# Norm's Sayings...



## Neomorph (23 Feb 2006)

It's nearly 5am and I can't sleep so for a laugh I thought I would try to think of things that Norm says most episodes...

... and nothing is more important than these, (non) safety glasses. (I thought safety glasses wrapped around your eyes!)

... and fasten it with a few brads.

... for this I'll use my joiner.

... for this I'll use pocket hole technology.

... for this I'll use my nuclear powered planer :shock: 

Just kidding with the last. It's annoying that he repeats explanations every episode (namely things like the joiner and glasses) and yet skips over things too quickly in other cases. I know it's a half hour show but some of the scenes seem to cut off quickly before you have grasped what he is saying (thank god for my dvd recorder lol).

Don't get me wrong I love the show... it's just that wasting time walking around museums or around factories wastes time that could be used for showing more of his work.


----------



## DomValente (23 Feb 2006)

When I first started my workshop my landlord of the time(a farmer)was a budding amateur and seemed to find it amusing that every time he passed my door he would call out, "coupla brads Dom", funny at first. 
Problem is everyone else on the farm then nicknamed me 'Coupla'.


----------



## Neomorph (23 Feb 2006)

DomValente":360bb4p3 said:


> When I first started my workshop my landlord of the time(a farmer)was a budding amateur and seemed to find it amusing that every time he passed my door he would call out, "coupla brads Dom", funny at first.
> Problem is everyone else on the farm then nicknamed me 'Coupla'.



It's funny when people call you names that stick... With me it was while I was in army basic training and the NCO's called everyone with their surname which was normal... 

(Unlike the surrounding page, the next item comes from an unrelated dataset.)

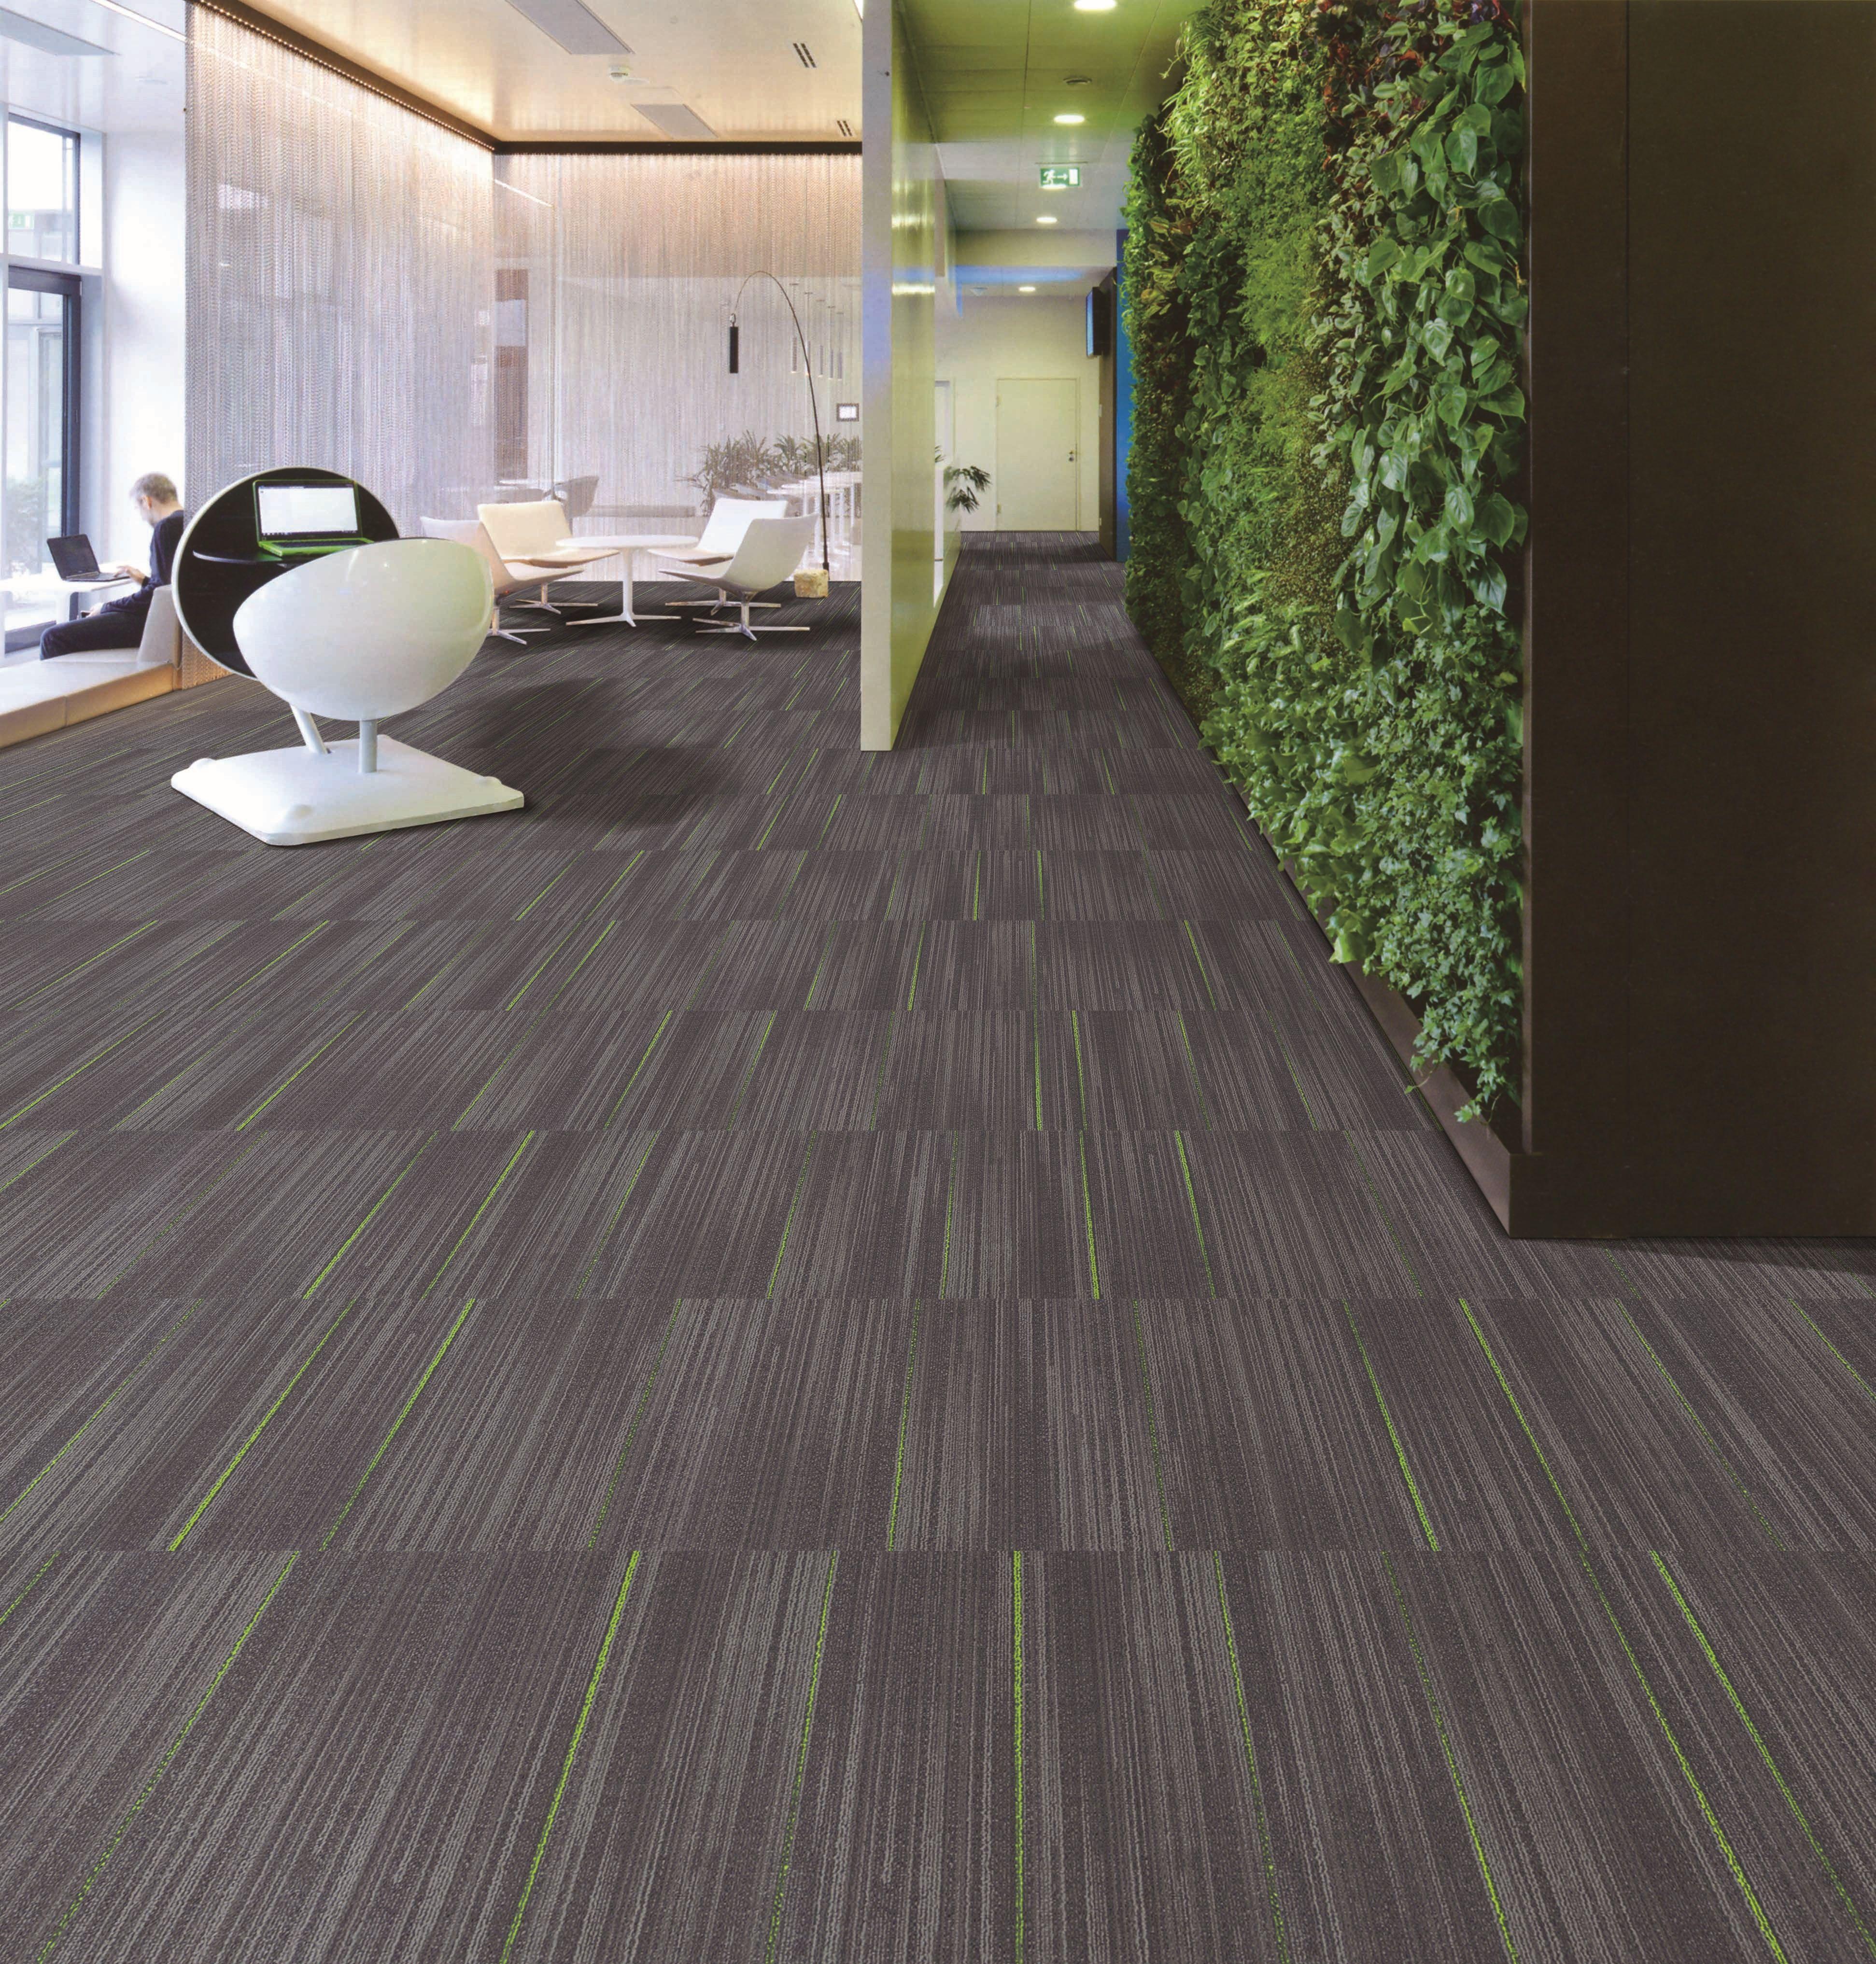 Elegant durable and beautifully tactile urbanlight carpet elegant durable and beautifully tactile urbanlight carpet tiles dailygadgetfo Choice Image

Strangely though I was getting a name as a buttkisser as I was seen as being too friendly with the NCO's which I didn't understand at first. It all came out at one night after we all had a few drinks. One of the other noobs asked me why everyone but me got called by their surnames... I looked at them gone out for a while but then the penny dropped... I then had to explain that my name was John Hanton and not Anton John and that when the sarge yelled " 'ANTON" it was just his accent cutting off the "H" :roll: Was quite cool though because everyone was apologising and I got thoroughly smashed as everyone kept buying me pints.


----------



## Gary H (23 Feb 2006)

Just thought I'd add...

...I'll do this on my saw station.

...we'll take this over to the sanding station.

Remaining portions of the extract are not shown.